X_train_fasttext = text_to_fasttext(X_train, fasttext_model, 100)
X_test_fasttext = text_to_fasttext(X_test, fasttext_model, 100)

X_train_fasttext_path, X_test_fasttext_path = save_vec_np_arrays(X_train_fasttext, X_test_fasttext, 'fasttext', 'npy')

vectorizers['fasttext'] = (X_train_fasttext_path, X_test_fasttext_path)
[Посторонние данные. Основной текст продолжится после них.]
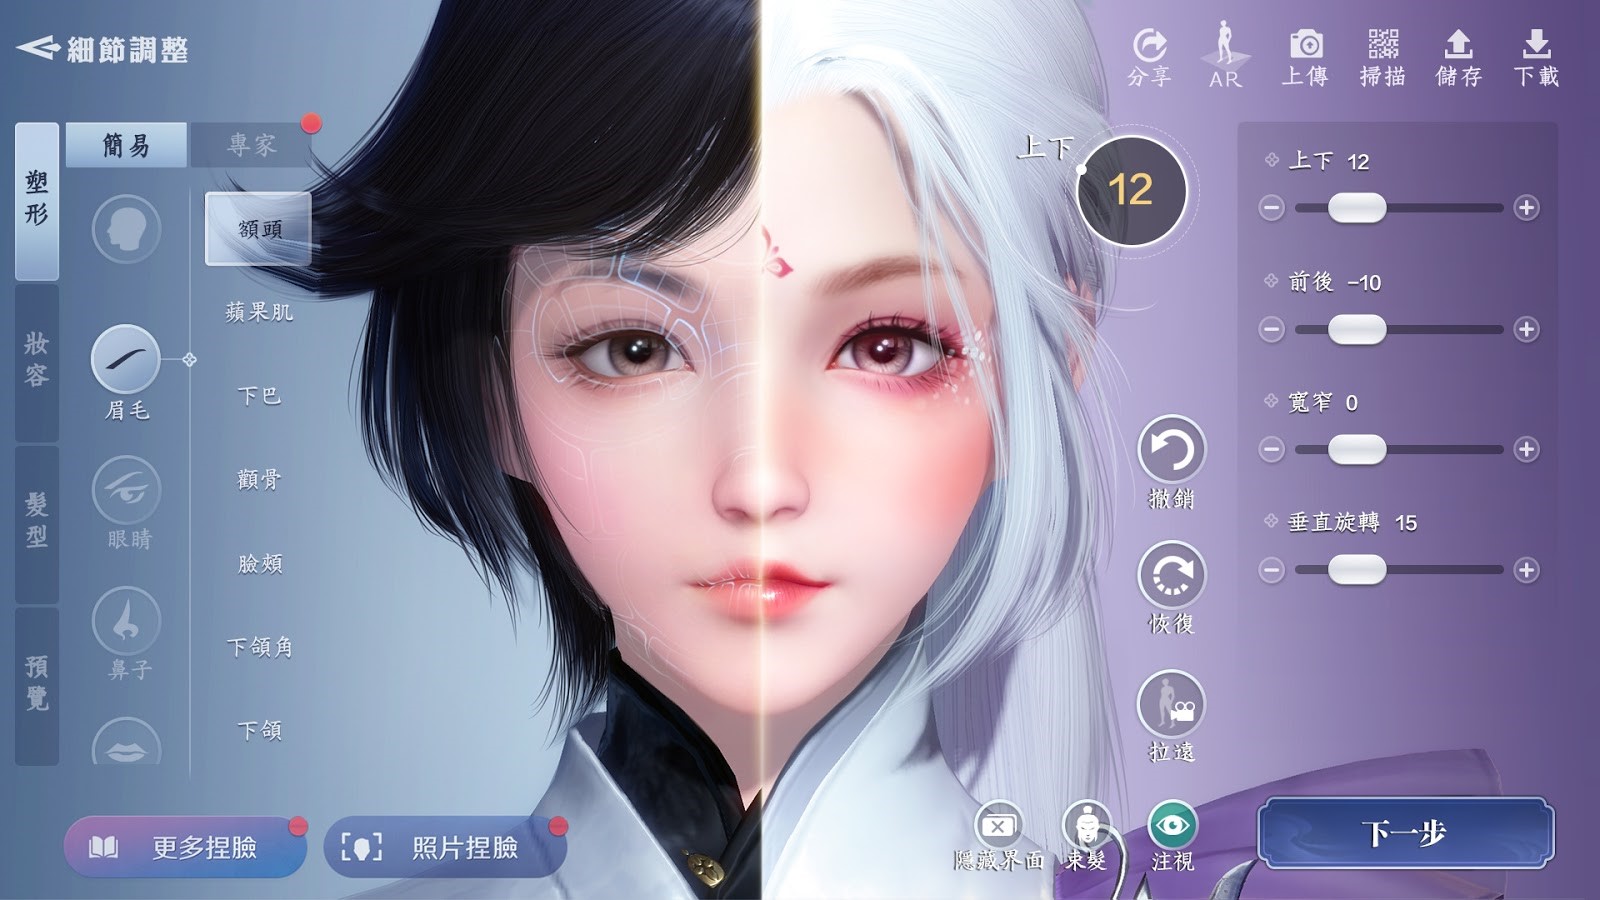 [新聞圖片1]《天涯明月刀 M》捏臉系統共有600+ 種參數讓玩家打造出專屬面容
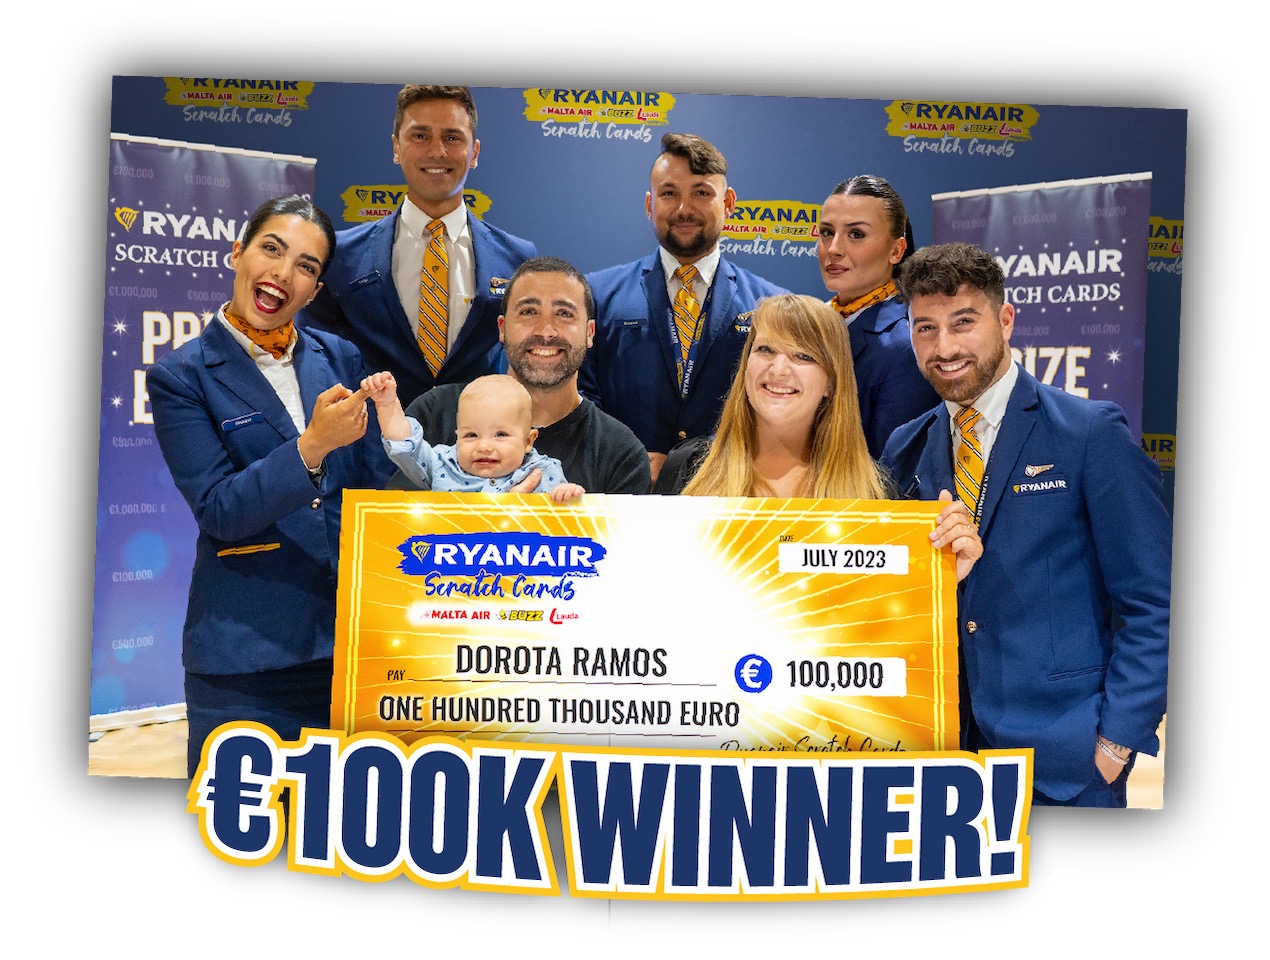 Dorota Ramos €100K winner!

Можно было бы обучить модель, но датасет слишком маленький

In [13]:
%%script cmd /c ""
from gensim.models import FastText

# FastText с обучением
tokenized_train = [text.split() for text in X_train]

ft_model = FastText(
    sentences=tokenized_train,
    vector_size=100,
    window=5,
    min_count=2,
    workers=4,
    epochs=10,
    sg=1
)

def text_to_fasttext(texts, model, vector_size=100):
    vectors = []
    for text in texts:
        words = text.split()
        word_vectors = [model.wv[w] for w in words]
        if word_vectors:
            vectors.append(np.mean(word_vectors, axis=0))
        else:
            vectors.append(np.zeros(vector_size))
    return np.array(vectors)

X_train_ft_fitted = text_to_fasttext(X_train, ft_model, 100)
X_test_ft_fitted = text_to_fasttext(X_test, ft_model, 100)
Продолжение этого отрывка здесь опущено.